Was It Drift or a Leak? We inspected the cooling tower and saw no drift or overflow from the tower that would explain this sudden change in operation. There must have been a leak, but how big of a leak? Using the cooling tower operational parameters, we calculated just how big the leak was.
Operational Parameters • Recirculation Rate: 11,227 gpm
• ∆T: 10 °F
• Evaporative Cooling: 90% (tropical climate)

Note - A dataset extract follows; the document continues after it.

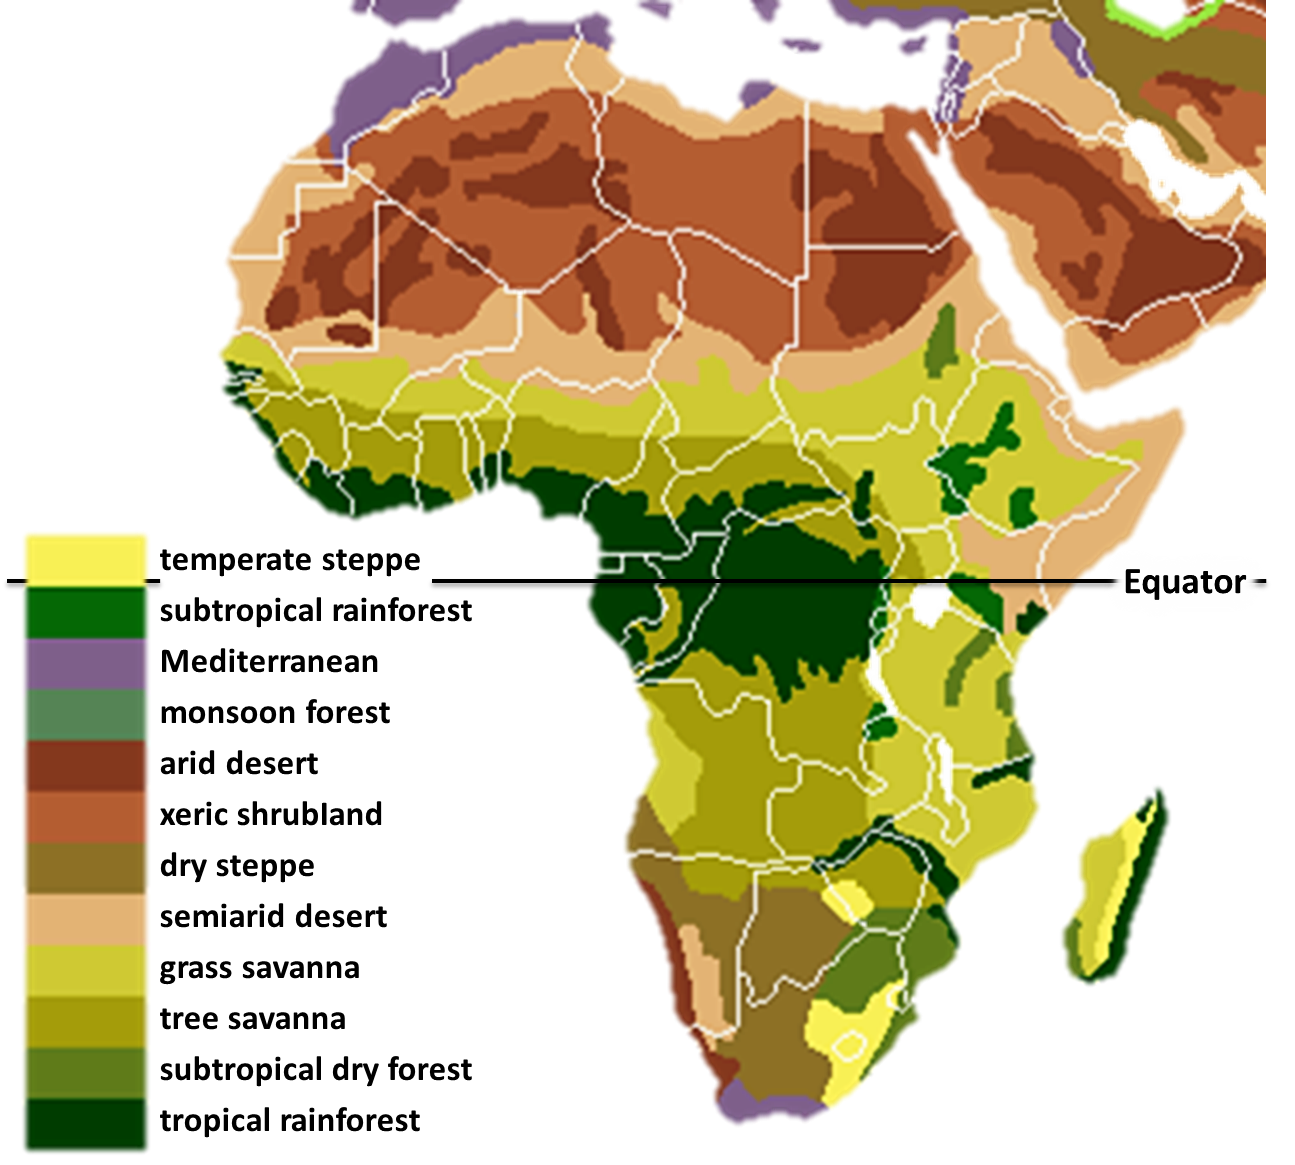 Äquator - Vegetationskarte von Afrika (c) wikimedia
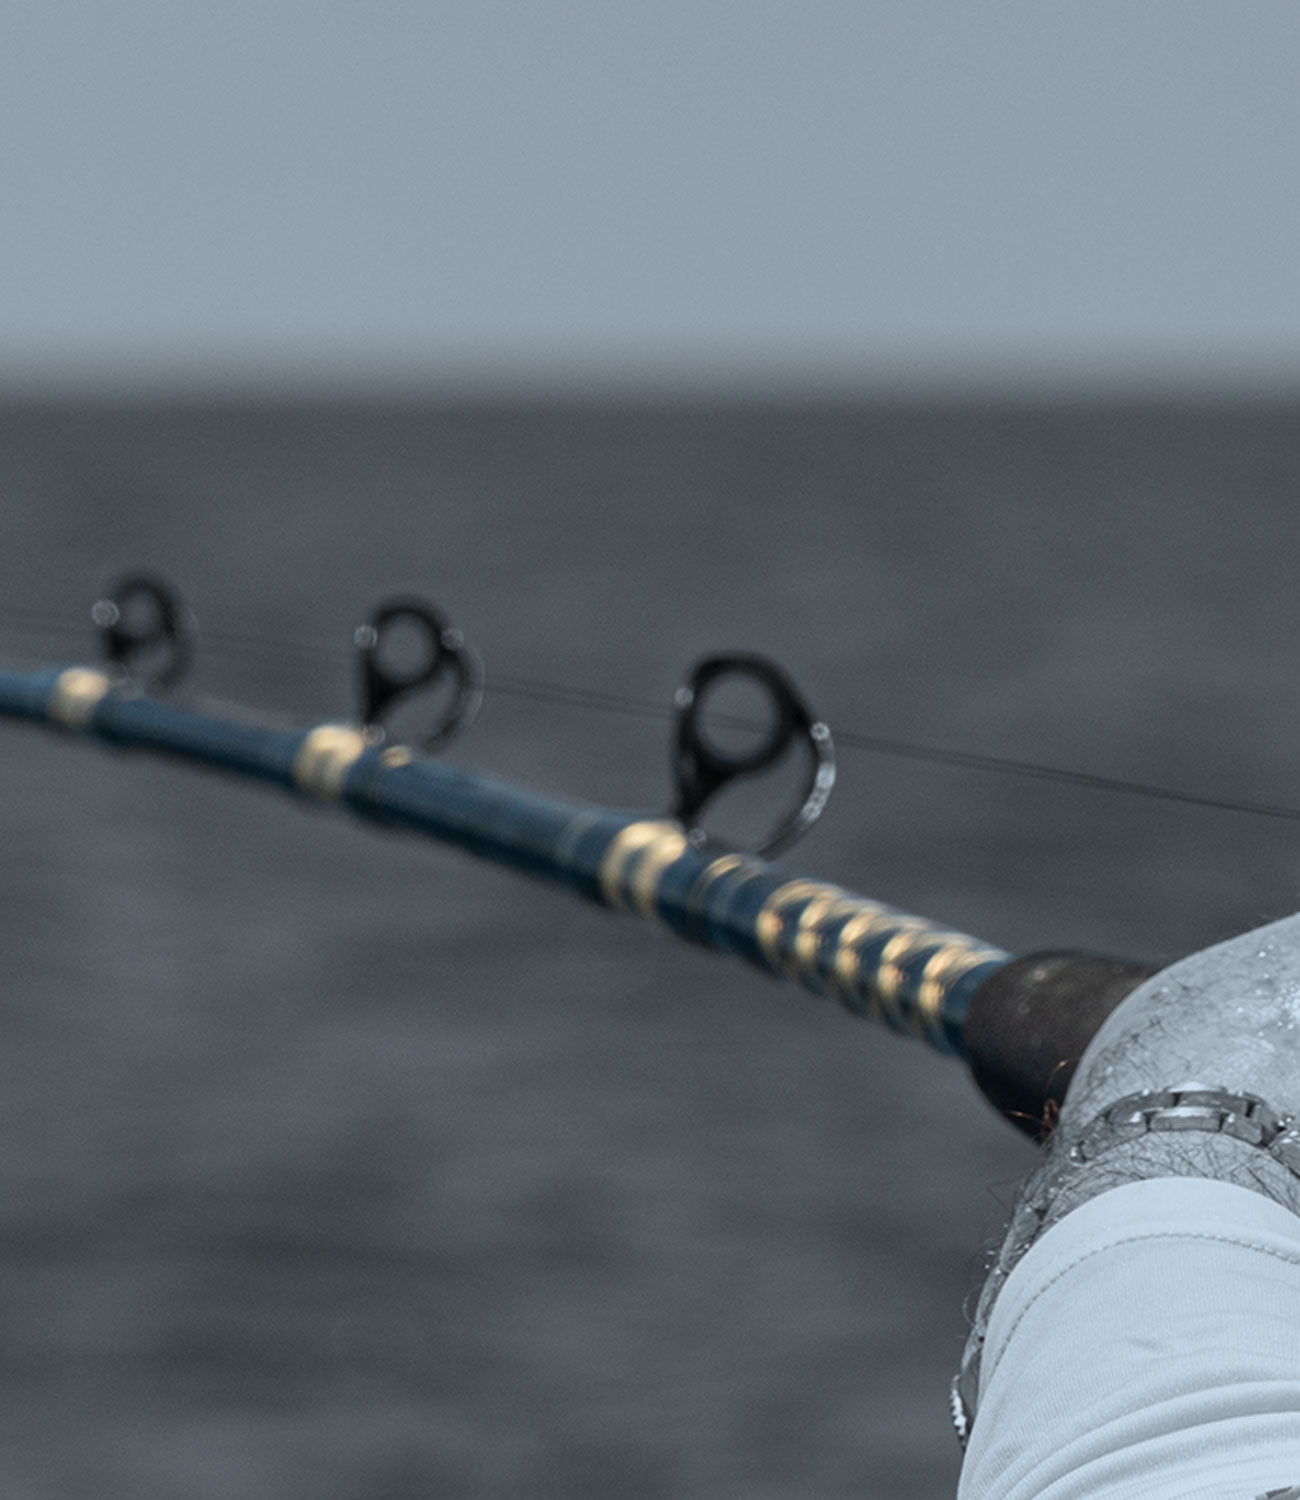  Lonkiktik Fishing Rod Guides and Tips, 36PCS Rotating

• Conductivity Setpoint: 1,700 µS
• RO Makeup Conductivity: 175 µS
• Well Makeup Conductivity: 480 µS The evaporation rate was:
Evap = 11,227 * 10 * 0.9 / 1000 = 101 gpm
Under normal operation, the cooling tower cycles would have been:
CyclesWell = 1700/480 = 3.54
CyclesRO = 1700/175 = 9.71
The cycles they were currently running on RO water was:
CyclesRO Current = 700/175 = 4
The amount of blowdown required under normal operation was:
Cooling Towers 222
BDWell = 101 / (3.54 - 1) = 39.8 gpm
BDRO = 101 / (9.71 - 1) = 11.6 gpm
The blowdown required when they currently ran on RO water was: BDCurrent RO = 101 / (4 - 1) = 33.4 gpm Notice that this number is smaller than the blowdown required for well water but much higher than the blowdown required for RO water under normal operation conditions. This clearly shows why the cooling tower could maintain the conductivity setpoint on well water but not on RO water. Since the blowdown valve was completely closed when they were currently running on RO water, this meant that there was a 33.4 gpm leak somewhere. A sizeable leak indeed!
Finding the Leak The cooling tower system was used to cool several rather complicated processes with many heat exchangers, so finding the leak was not going to be simple. I had to leave the facility before the leak was found, but the water management associate in charge had planned to question the operators in the area for possible leaks. If this didn't work, red dye was going to be added to help track the leak down.